Undoubtedly, this trend is setting off a socio-economic transformation. At one level, it is offering recourse to students who are not academically brilliant and won’t make the cut in higher institutions, just plain regulars who, however, make up the bulk of our educated workforce. At another level, it also means we are dilluting their core competence, productivity and belief that education and knowledge are tools for an elevated life. We are teaching them the art of compromise, building values numerically than holistically. In fact, if basic skills like driving and cooking can earn people the moolah, then our young may just give up the idea of “becoming a graduate,” still an aspiration that parents sacrifice their earnings for across the vast hinterland of India. If that benchmark is seen as a redundancy, then it is another challenge in a country where literacy is often mistaken to be good enough as an education, compromising the overarching process of evolution of the mind. Let’s not forget the last Annual Status of Education Report (ASER) which found that one out of every four Class VII students in rural India is unable to read even a Class II text and over one in two Class VIII students cannot solve a problem that involves basic division.

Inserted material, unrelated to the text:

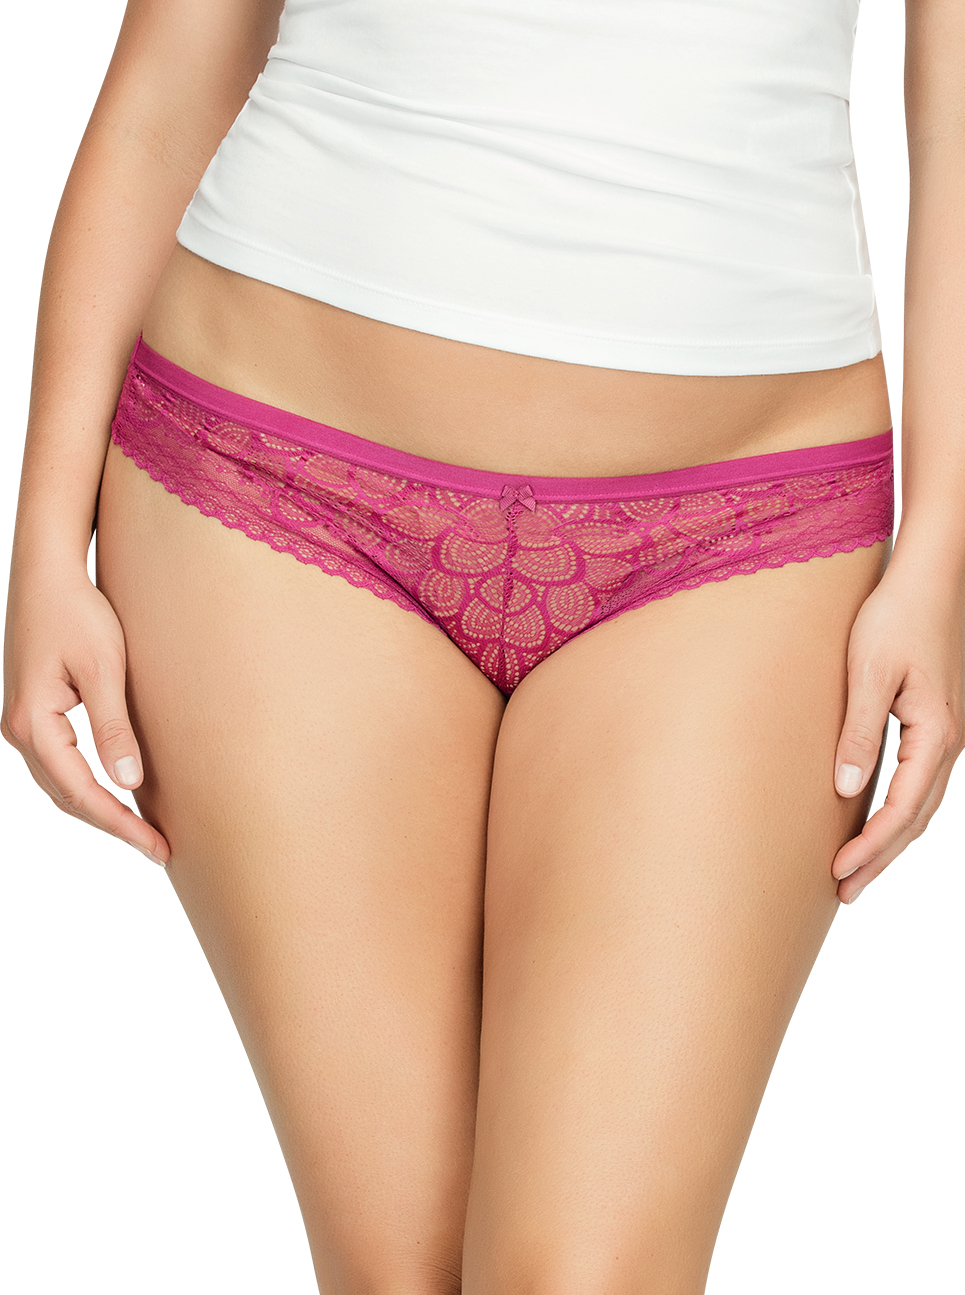 PARFAIT ParfaitPanty SoGlam ThongPP402 Raspberry Front1 - Panty So Glam Thong - Raspberry - PP402

In the end, there is the socio-psychological impact of levelling out to a bare median, of a graduate and a class VIII dropout being forced into the same bloodstream. Is a compromise ever happy when you are told that excellence should be your only pursuit? Besides crushed expectations can have ramifications in the form of increased manifestation of disturbing and deviant behaviour among the youth.  

How then can we customise higher education for a segmented job market rather than dumping a one-size-fits-all formula on sectors that can hire but need specific domain knowledge? How can we make our graduates job-ready? As a recent skill research has shown, employers found 80 per cent of Indian engineering graduates failing to meet minimum requirements for a hire. Many such firms say prospective candidates lack sufficient industry experience because our courses are too theoretical and not application-oriented. There must be an industry-aided skill requirement map so that the problem of over-qualification, as evidenced by the latest job rush queues in Maharashtra, does not dash hopes. Besides, there must be a provision for career-long skill upgradation given that the economic paradigm can change due to technological breakthroughs and fluidity of the economy. There should be enough start-up incentives for engineers to set up small units that are viable. Yes, use of Artificial Intelligence (AI) may kill some traditional jobs but as seen with the IT revolution, they also encourage an allied layer of human services and talent. That spinoff is often overlooked in umbrella decisions. The jobs crisis is severely threatening our demographic dividend, given that half our population is below the age of 25. But a potential asset could become our biggest liability if we don’t look at the bigger picture now.